DATA EXTRACTS:
■ ■ ■

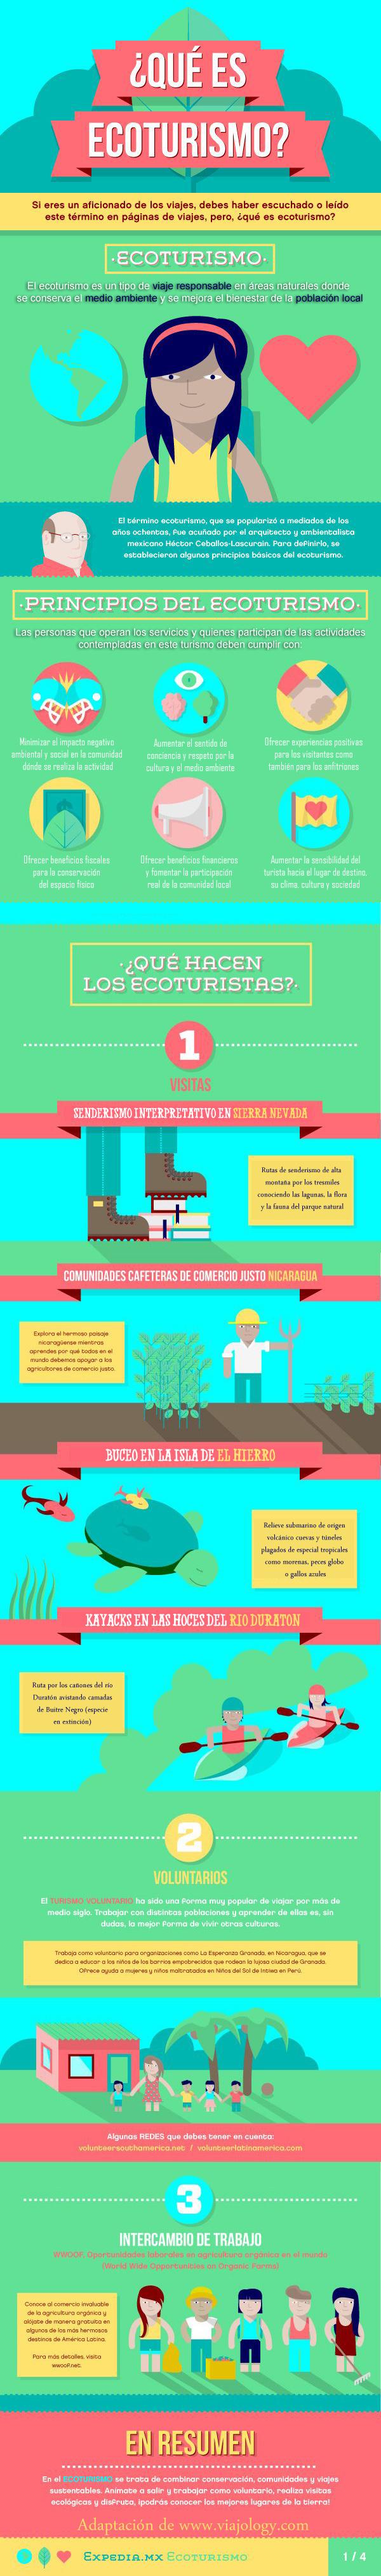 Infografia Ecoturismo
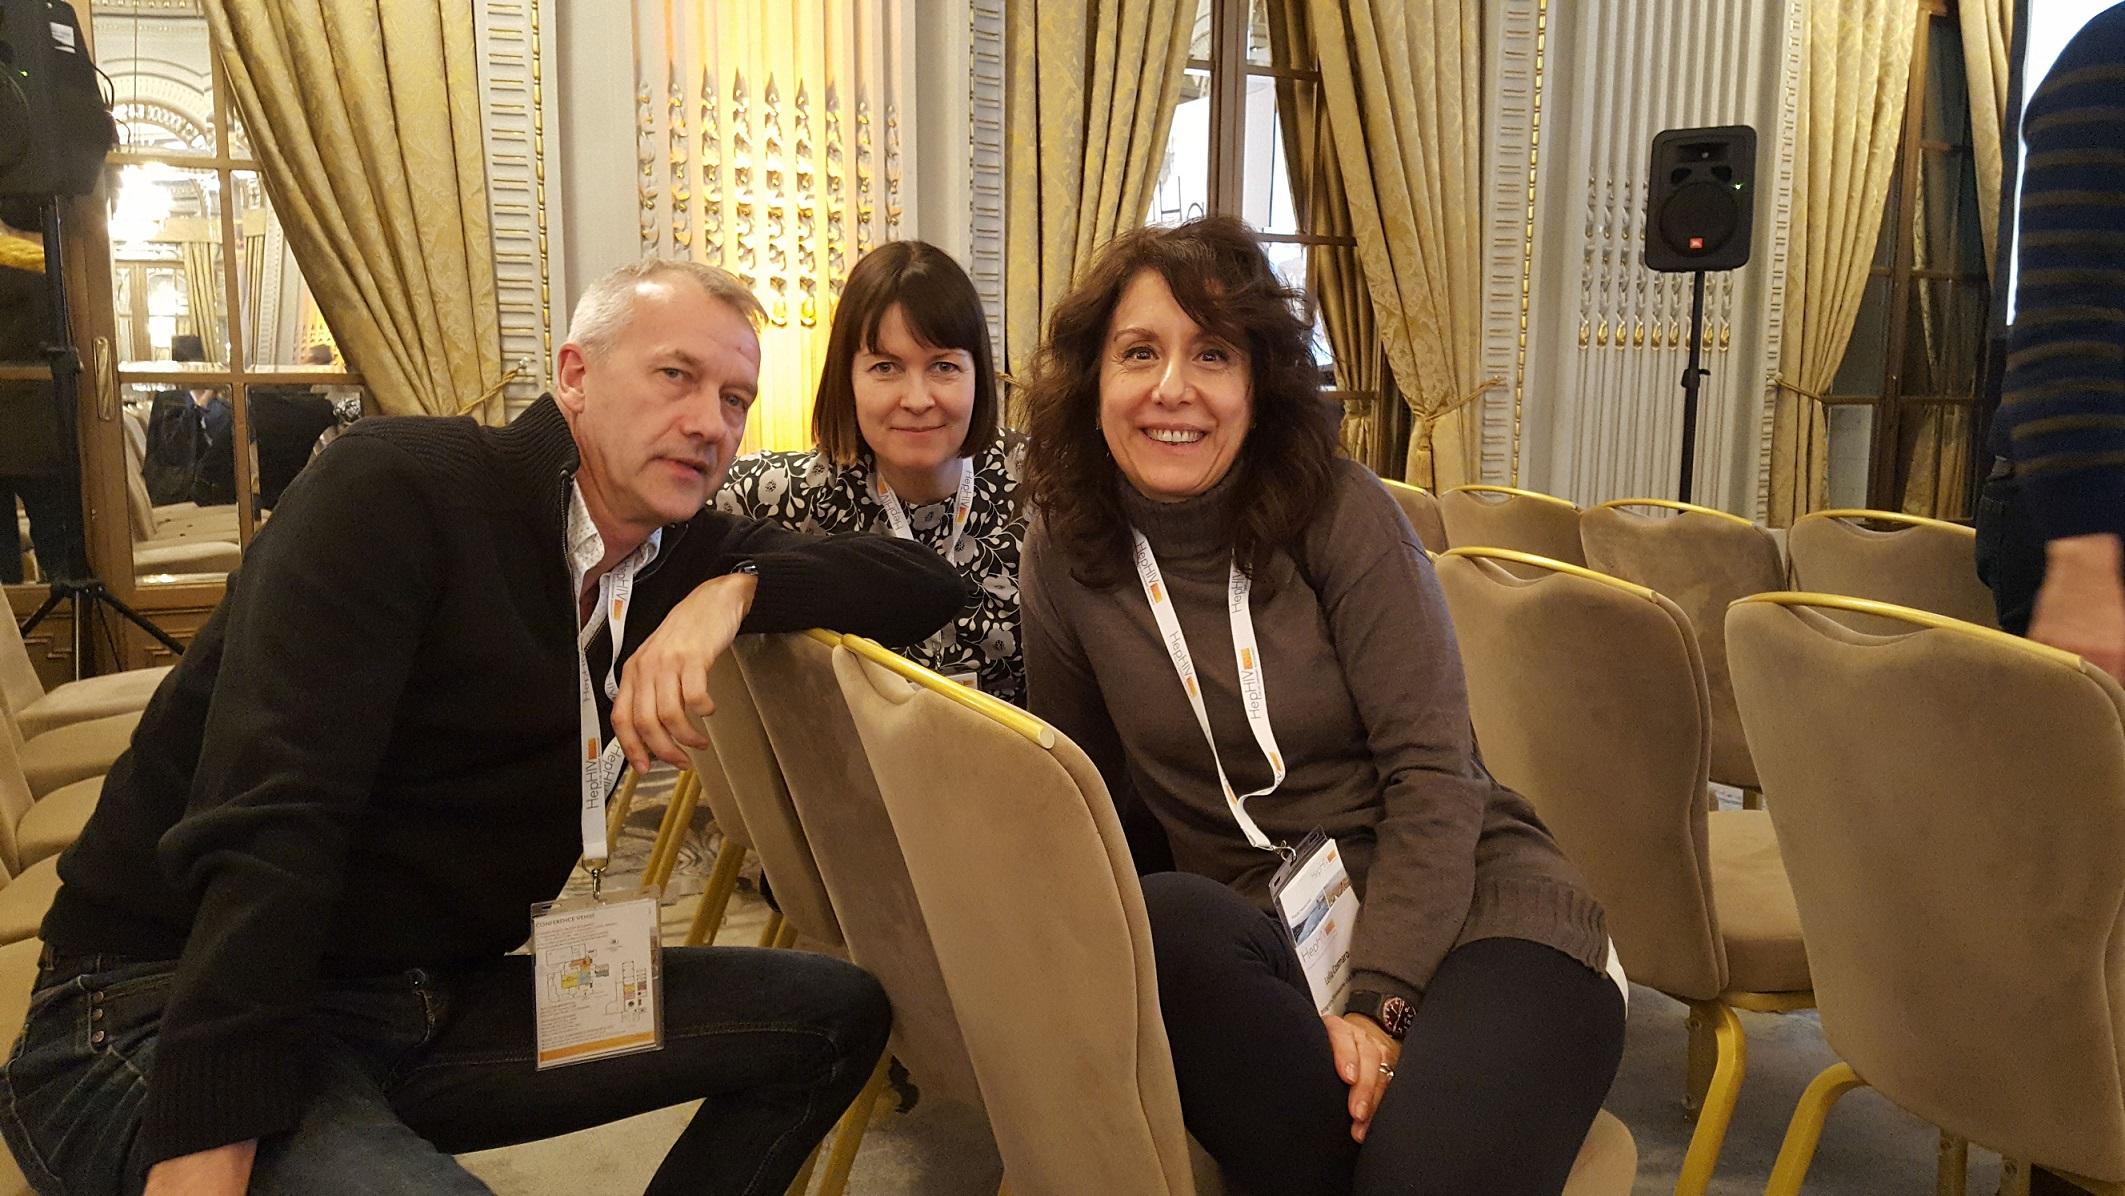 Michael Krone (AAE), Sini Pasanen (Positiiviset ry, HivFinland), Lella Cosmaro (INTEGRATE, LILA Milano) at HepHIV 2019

■ ■ ■

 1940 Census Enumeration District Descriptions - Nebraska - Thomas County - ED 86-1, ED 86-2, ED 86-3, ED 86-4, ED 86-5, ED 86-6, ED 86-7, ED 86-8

■ ■ ■

EXERCISE DESCRIPTION: Copy out exactly the material that runs from the line with "Infografia Ecoturismo" to the line with "Michael Krone (AAE), Sini", ends included, and leave the pictures behind.

TASK OUTPUT:
 Infografia Ecoturismo
 Michael Krone (AAE), Sini Pasanen (Positiiviset ry, HivFinland), Lella Cosmaro (INTEGRATE, LILA Milano) at HepHIV 2019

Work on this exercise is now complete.